◆ **Goal of the exercise**: Word for word, retype the tail of the data below, starting with the line that has "Ist Diese 2" and including the last line.

BEGIN Data extracts

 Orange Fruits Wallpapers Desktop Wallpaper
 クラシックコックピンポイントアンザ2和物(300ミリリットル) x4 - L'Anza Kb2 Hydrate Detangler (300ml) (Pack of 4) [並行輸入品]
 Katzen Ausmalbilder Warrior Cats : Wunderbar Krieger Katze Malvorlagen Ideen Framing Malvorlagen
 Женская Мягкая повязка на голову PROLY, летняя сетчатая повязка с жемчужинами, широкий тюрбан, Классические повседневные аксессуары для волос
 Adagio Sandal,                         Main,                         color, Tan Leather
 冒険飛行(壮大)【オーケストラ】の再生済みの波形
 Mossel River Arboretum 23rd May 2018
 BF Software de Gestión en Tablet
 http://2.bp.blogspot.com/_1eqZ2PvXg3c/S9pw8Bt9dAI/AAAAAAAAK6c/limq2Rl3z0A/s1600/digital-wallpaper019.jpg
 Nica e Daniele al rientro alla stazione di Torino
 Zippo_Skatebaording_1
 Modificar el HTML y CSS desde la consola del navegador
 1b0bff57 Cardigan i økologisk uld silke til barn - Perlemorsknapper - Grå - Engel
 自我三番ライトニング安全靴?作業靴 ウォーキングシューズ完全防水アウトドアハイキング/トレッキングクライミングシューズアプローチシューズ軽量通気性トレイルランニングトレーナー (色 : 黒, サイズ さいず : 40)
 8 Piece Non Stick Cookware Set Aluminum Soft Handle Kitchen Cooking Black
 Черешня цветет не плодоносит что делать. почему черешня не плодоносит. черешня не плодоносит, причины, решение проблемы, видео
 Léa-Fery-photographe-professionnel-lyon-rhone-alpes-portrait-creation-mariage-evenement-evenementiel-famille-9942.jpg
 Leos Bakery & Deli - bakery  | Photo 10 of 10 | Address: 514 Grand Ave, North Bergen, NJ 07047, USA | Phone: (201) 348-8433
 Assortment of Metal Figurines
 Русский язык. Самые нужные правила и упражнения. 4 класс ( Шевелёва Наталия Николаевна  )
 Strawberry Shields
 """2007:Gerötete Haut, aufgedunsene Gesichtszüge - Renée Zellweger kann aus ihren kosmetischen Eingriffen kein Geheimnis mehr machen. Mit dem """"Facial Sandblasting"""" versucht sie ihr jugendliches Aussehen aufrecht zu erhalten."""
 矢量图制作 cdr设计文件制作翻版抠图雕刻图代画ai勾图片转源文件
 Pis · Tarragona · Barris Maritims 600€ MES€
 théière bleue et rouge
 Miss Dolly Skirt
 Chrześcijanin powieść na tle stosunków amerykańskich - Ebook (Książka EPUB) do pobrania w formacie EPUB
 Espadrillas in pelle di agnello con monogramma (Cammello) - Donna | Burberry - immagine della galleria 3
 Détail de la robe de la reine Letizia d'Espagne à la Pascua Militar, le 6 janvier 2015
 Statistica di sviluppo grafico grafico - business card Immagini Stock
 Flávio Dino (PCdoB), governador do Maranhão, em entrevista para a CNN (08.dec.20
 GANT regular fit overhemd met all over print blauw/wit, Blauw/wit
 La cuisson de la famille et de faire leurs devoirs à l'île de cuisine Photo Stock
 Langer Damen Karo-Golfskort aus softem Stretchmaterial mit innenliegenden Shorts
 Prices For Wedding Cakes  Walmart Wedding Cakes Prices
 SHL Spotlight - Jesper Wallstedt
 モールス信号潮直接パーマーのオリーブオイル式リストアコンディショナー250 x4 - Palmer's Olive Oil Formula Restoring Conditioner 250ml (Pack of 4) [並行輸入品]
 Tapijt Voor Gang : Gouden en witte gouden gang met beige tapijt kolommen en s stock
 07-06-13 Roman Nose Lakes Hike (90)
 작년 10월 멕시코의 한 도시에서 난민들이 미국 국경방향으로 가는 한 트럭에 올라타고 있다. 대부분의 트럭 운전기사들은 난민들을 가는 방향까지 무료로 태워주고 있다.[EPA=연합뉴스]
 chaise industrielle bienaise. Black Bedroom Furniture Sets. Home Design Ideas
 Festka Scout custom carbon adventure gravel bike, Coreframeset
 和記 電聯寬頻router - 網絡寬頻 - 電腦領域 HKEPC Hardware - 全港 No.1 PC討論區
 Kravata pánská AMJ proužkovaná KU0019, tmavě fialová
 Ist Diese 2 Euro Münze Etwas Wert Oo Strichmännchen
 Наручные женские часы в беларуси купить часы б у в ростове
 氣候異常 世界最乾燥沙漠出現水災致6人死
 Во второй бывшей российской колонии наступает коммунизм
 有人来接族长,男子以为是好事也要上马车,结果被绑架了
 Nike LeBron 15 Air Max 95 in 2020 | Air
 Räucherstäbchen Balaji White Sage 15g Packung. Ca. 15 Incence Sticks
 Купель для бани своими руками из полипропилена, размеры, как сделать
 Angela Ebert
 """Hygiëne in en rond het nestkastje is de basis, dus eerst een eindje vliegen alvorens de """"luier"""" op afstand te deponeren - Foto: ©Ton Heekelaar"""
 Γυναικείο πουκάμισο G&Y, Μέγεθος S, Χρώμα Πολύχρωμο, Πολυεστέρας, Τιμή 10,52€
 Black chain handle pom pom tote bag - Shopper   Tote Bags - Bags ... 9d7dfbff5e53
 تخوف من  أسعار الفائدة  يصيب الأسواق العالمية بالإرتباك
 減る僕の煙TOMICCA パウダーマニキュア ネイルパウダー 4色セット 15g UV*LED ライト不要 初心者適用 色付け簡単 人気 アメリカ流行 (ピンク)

END Data extracts

◆ **Output for this exercise**:
 Ist Diese 2 Euro Münze Etwas Wert Oo Strichmännchen
 Наручные женские часы в беларуси купить часы б у в ростове
 氣候異常 世界最乾燥沙漠出現水災致6人死
 Во второй бывшей российской колонии наступает коммунизм
 有人来接族长,男子以为是好事也要上马车,结果被绑架了
 Nike LeBron 15 Air Max 95 in 2020 | Air
 Räucherstäbchen Balaji White Sage 15g Packung. Ca. 15 Incence Sticks
 Купель для бани своими руками из полипропилена, размеры, как сделать
 Angela Ebert
 """Hygiëne in en rond het nestkastje is de basis, dus eerst een eindje vliegen alvorens de """"luier"""" op afstand te deponeren - Foto: ©Ton Heekelaar"""
 Γυναικείο πουκάμισο G&Y, Μέγεθος S, Χρώμα Πολύχρωμο, Πολυεστέρας, Τιμή 10,52€
 Black chain handle pom pom tote bag - Shopper   Tote Bags - Bags ... 9d7dfbff5e53
 تخوف من  أسعار الفائدة  يصيب الأسواق العالمية بالإرتباك
 減る僕の煙TOMICCA パウダーマニキュア ネイルパウダー 4色セット 15g UV*LED ライト不要 初心者適用 色付け簡単 人気 アメリカ流行 (ピンク)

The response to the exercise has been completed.